Однако Грязнов даже пальцем не повел, чтобы налить. Откинувшись на спинку стула, он смотрел в дальний угол, и только вздувшиеся на скулах желваки выдавали его чувства. Наконец он перевел взгляд на вяло жующего Турецкого и, не скрывая своего ехидства, спросил:
— Что, обиделся?
— На что? — удивился Турецкий. — На то, что ты полностью отошел от дел и не хочешь помочь даже в том, о чем тебя просят? Так на это и обижаться нельзя. Твой уход из нашей жизни — это твое личное решение, твоя позиция. И обижаться на позицию взрослого, думающего человека — прости меня за грубое слово, уже полный… этот, абзац. Так что, ни на что я не обиделся, и поступай так, как считаешь нужным.
Грязнов «мучил» вилку, и на него было больно смотреть. Его лицо исказилось в болезненной гримасе, на побагровевших скулах играли вздувшиеся желваки, и он, словно выброшенный на берег окунь, бессмысленно разевал рот.

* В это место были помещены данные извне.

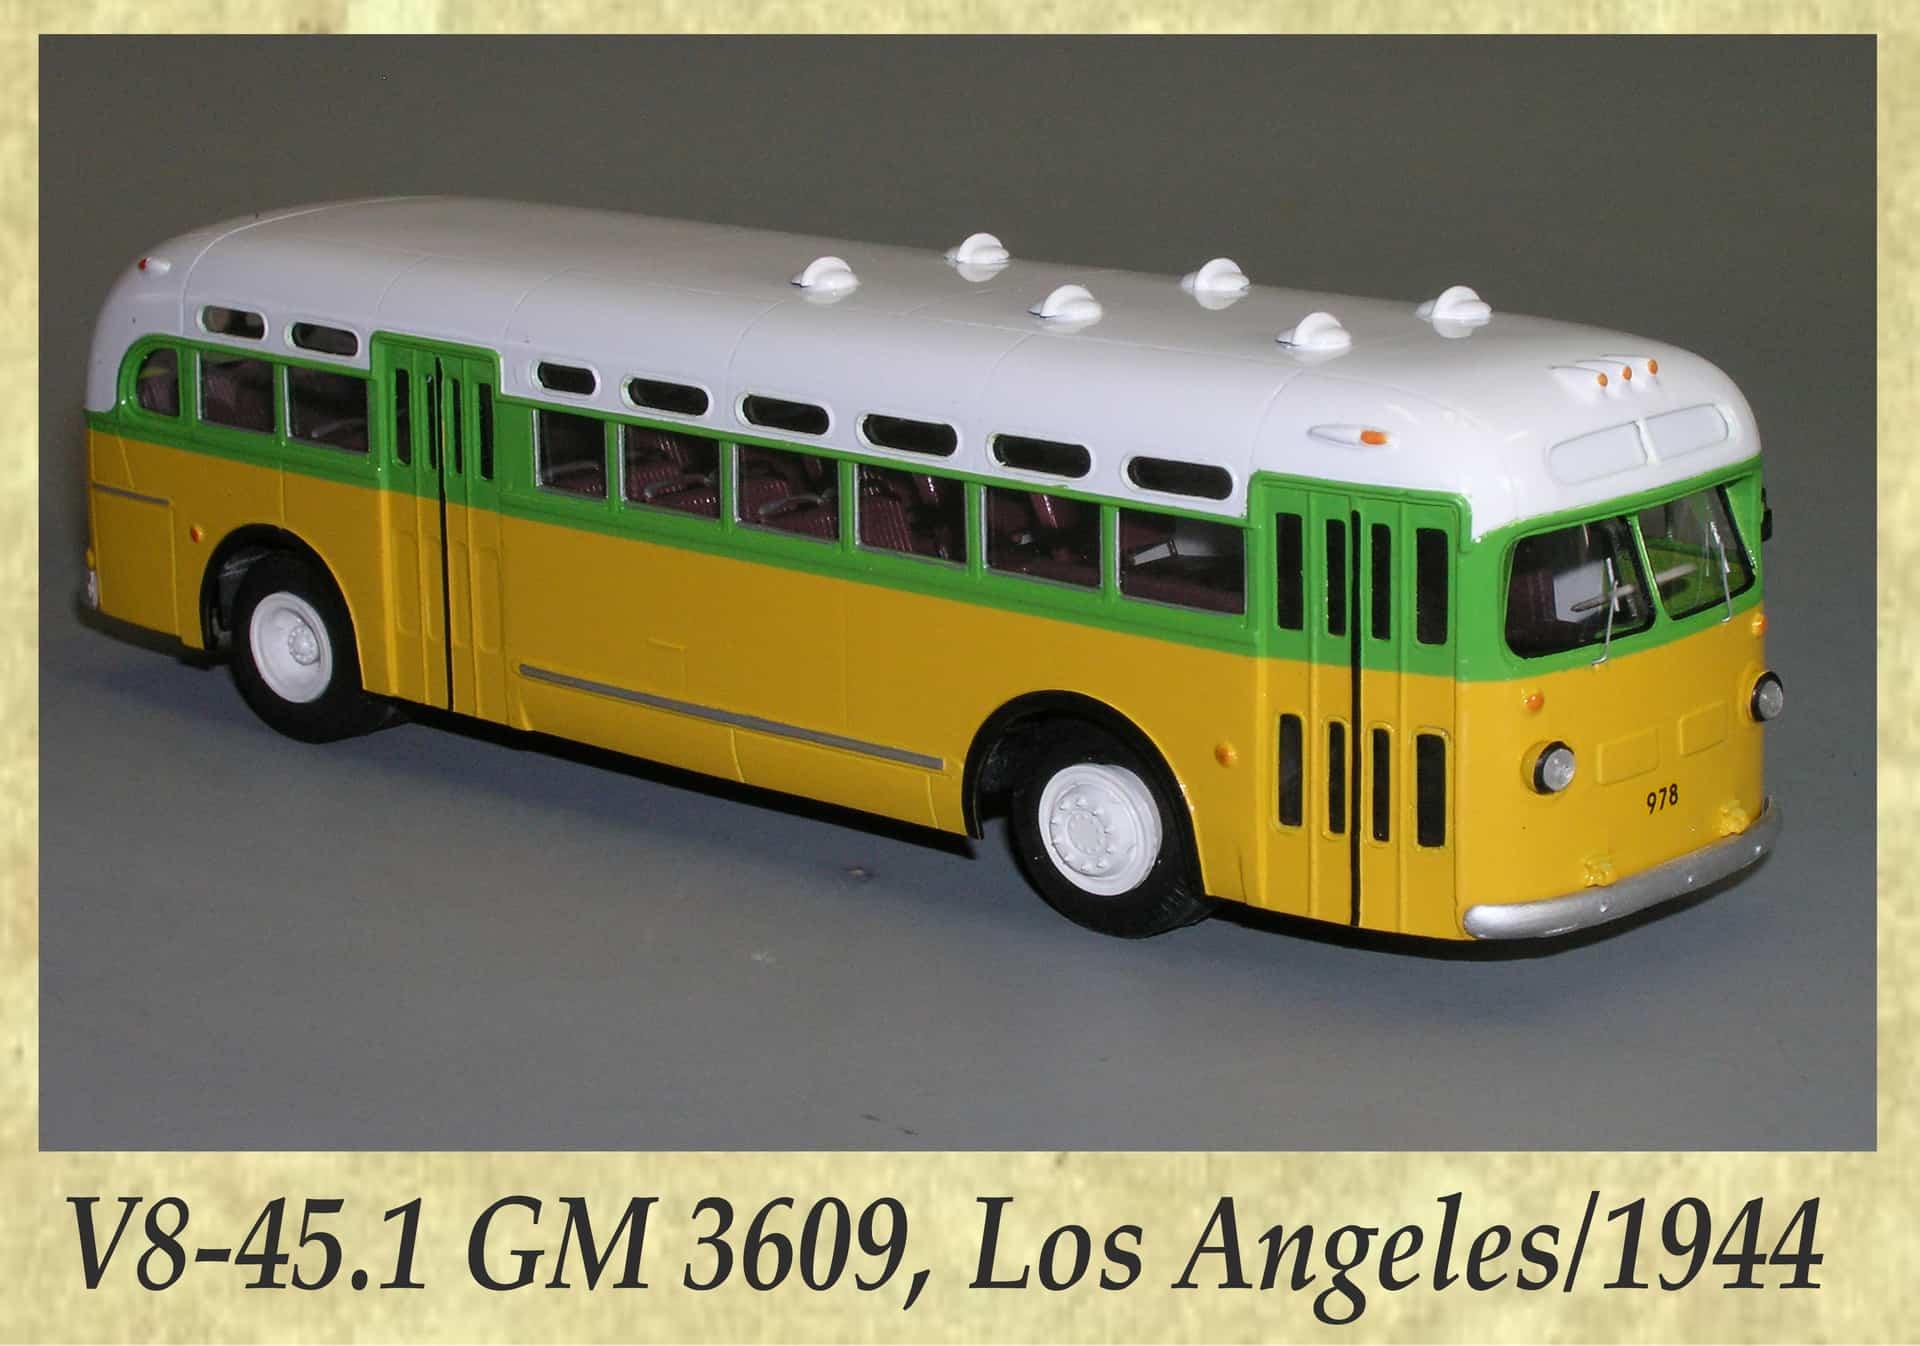 V8-45.1 GM 3609, Los Angeles 1944

— По больному бьешь? Бей! Тебе не впервой. Хотя ты, именно ты, лучше кого бы то ни было знаешь, почему я написал министру рапорт и уехал из Москвы!

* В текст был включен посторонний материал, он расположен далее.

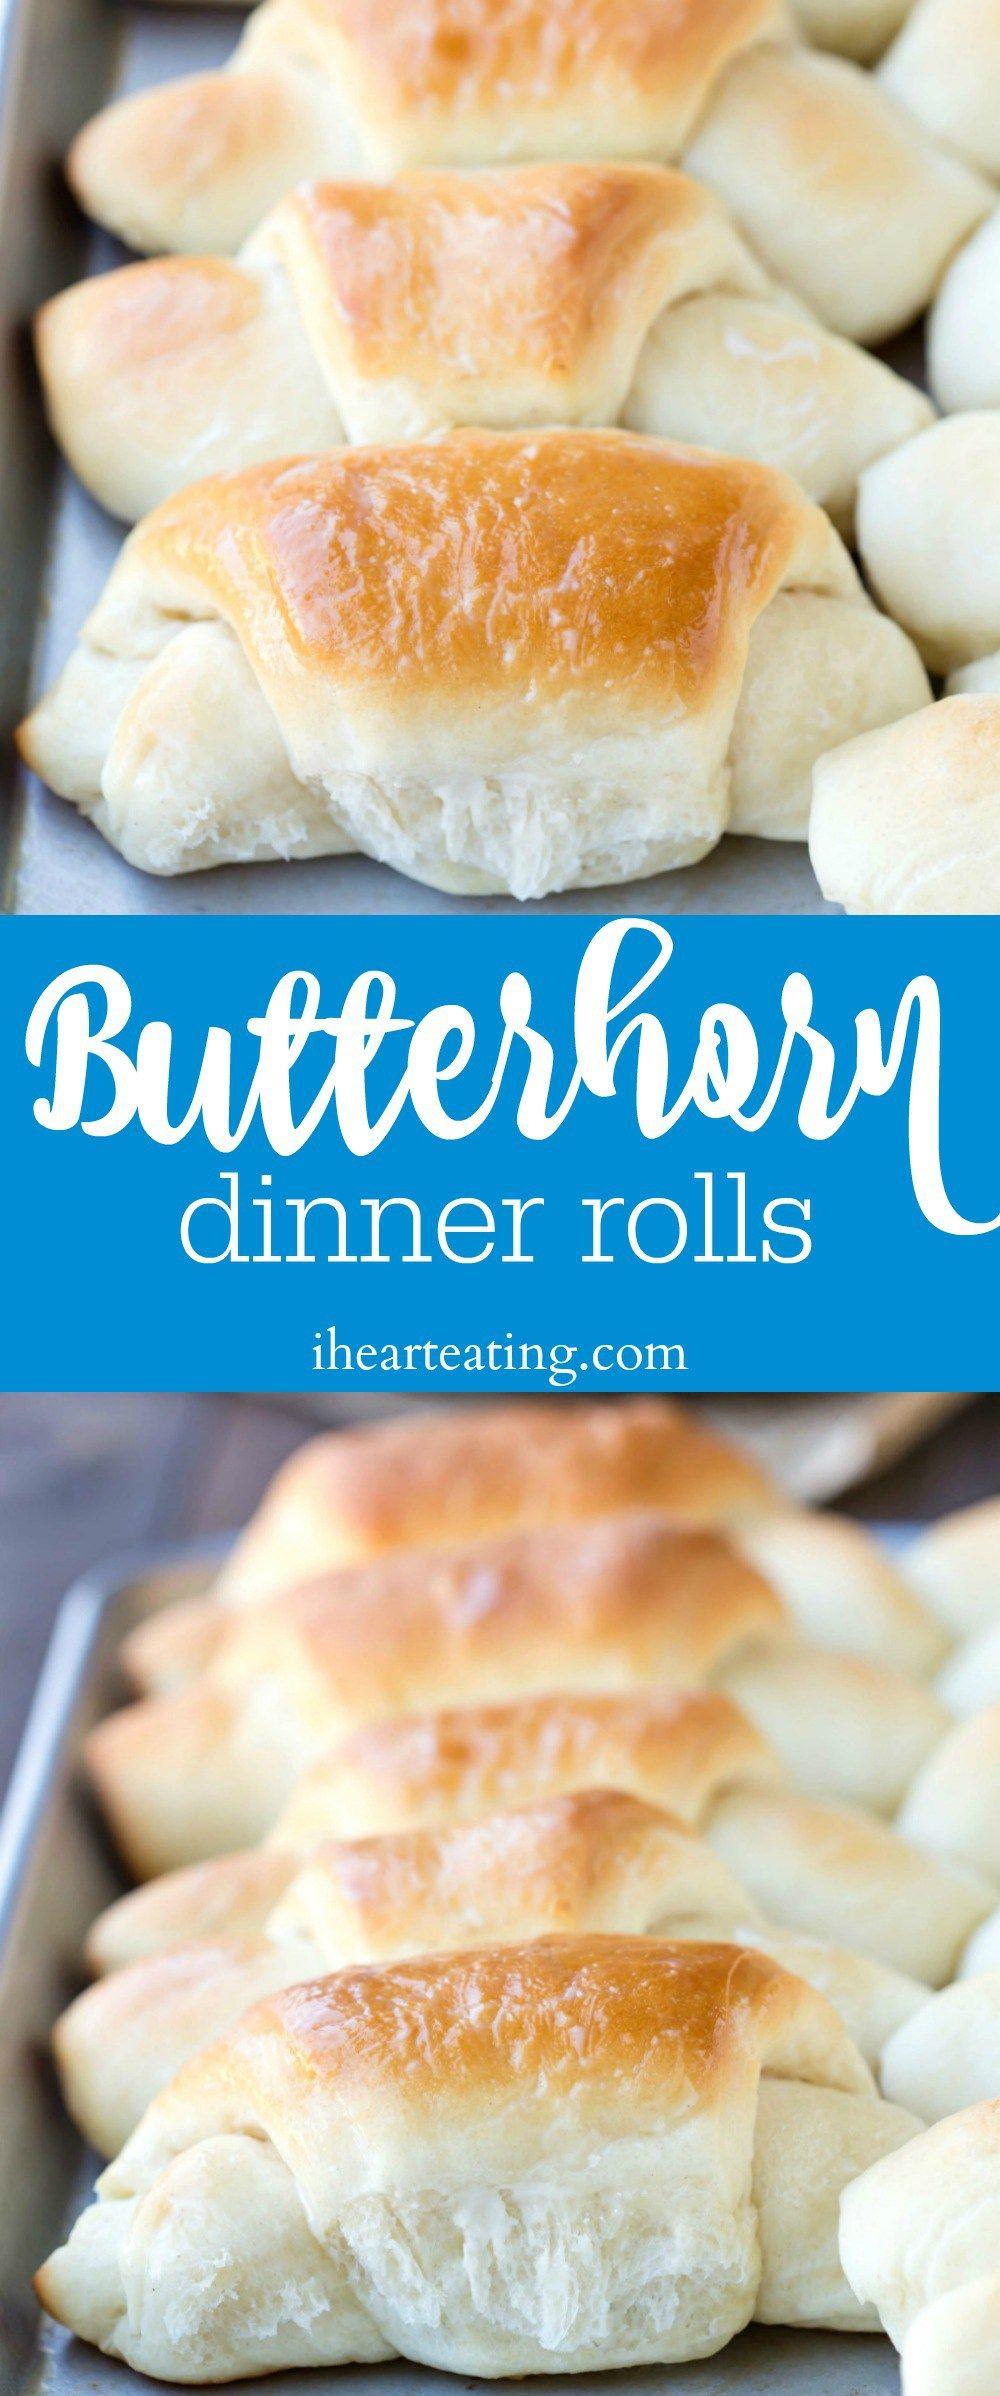 Butterhorn Dinner Roll Recipe I Heart Eating Pinterest

— Ты о Денисе? — спросил, словно выдавил из себя, Турецкий.
— Да, о Денисе! О Денисе!!! Ты ведь сам знаешь! Я же хоронил его!..
Положив руки на клеенку, Турецкий будто приклеился глазами к лицу хозяина дома. Наконец его губы шевельнулись, и он негромко произнес:
— Я не должен был пока говорить тебе этого, но…

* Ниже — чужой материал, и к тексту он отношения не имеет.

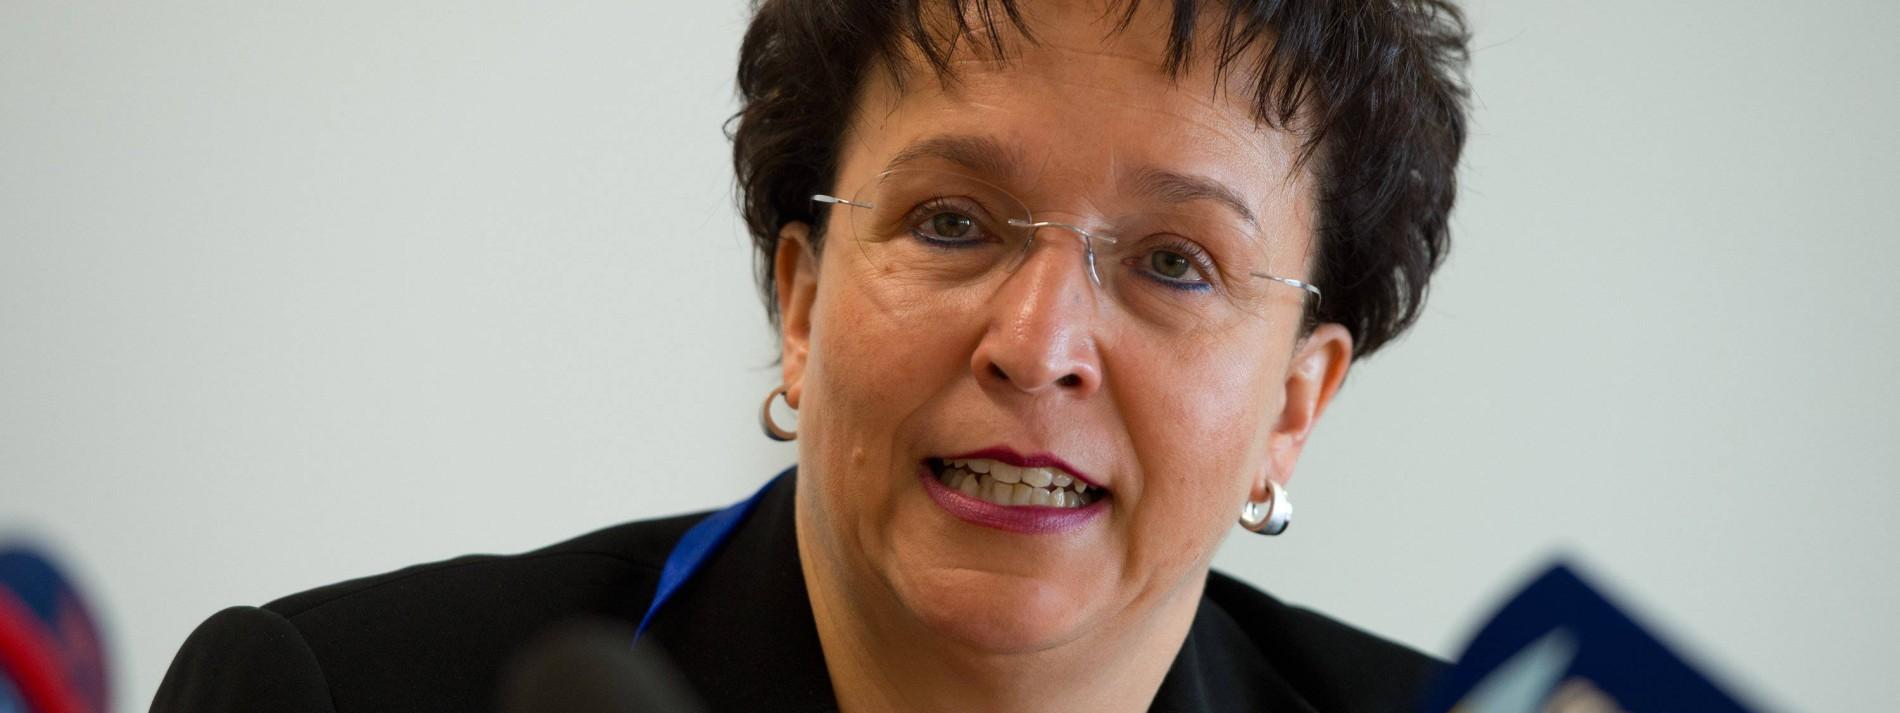 Birgit Homburger übernimmt Leitung des DAI-Hauptstadtbüros

И замолчал. Молчал и Грязнов, пристально вглядываясь в гостя. Однако в какой-то момент его губы дрогнули, и он, словно затравленная собака, попытался поймать его взгляд.
— Ты… ты хотел что-то еще сказать? Что-то о нем?.. О Дениске?
— Да.
— Так… так чего же ты?!
— Но я… я не имею права… и я… я дал ему слово пока молчать.
Теперь уже на лицо Грязнова было страшно смотреть.
— К-к-кому ты дал слово?! — заикаясь, спросил он, и под его глазом дернулся какой-то нерв. — Денису?!
Александр Борисович молча кивнул.
Руки Грязнова сжались в кулаки, и он, как на больного, уставился на Турецкого.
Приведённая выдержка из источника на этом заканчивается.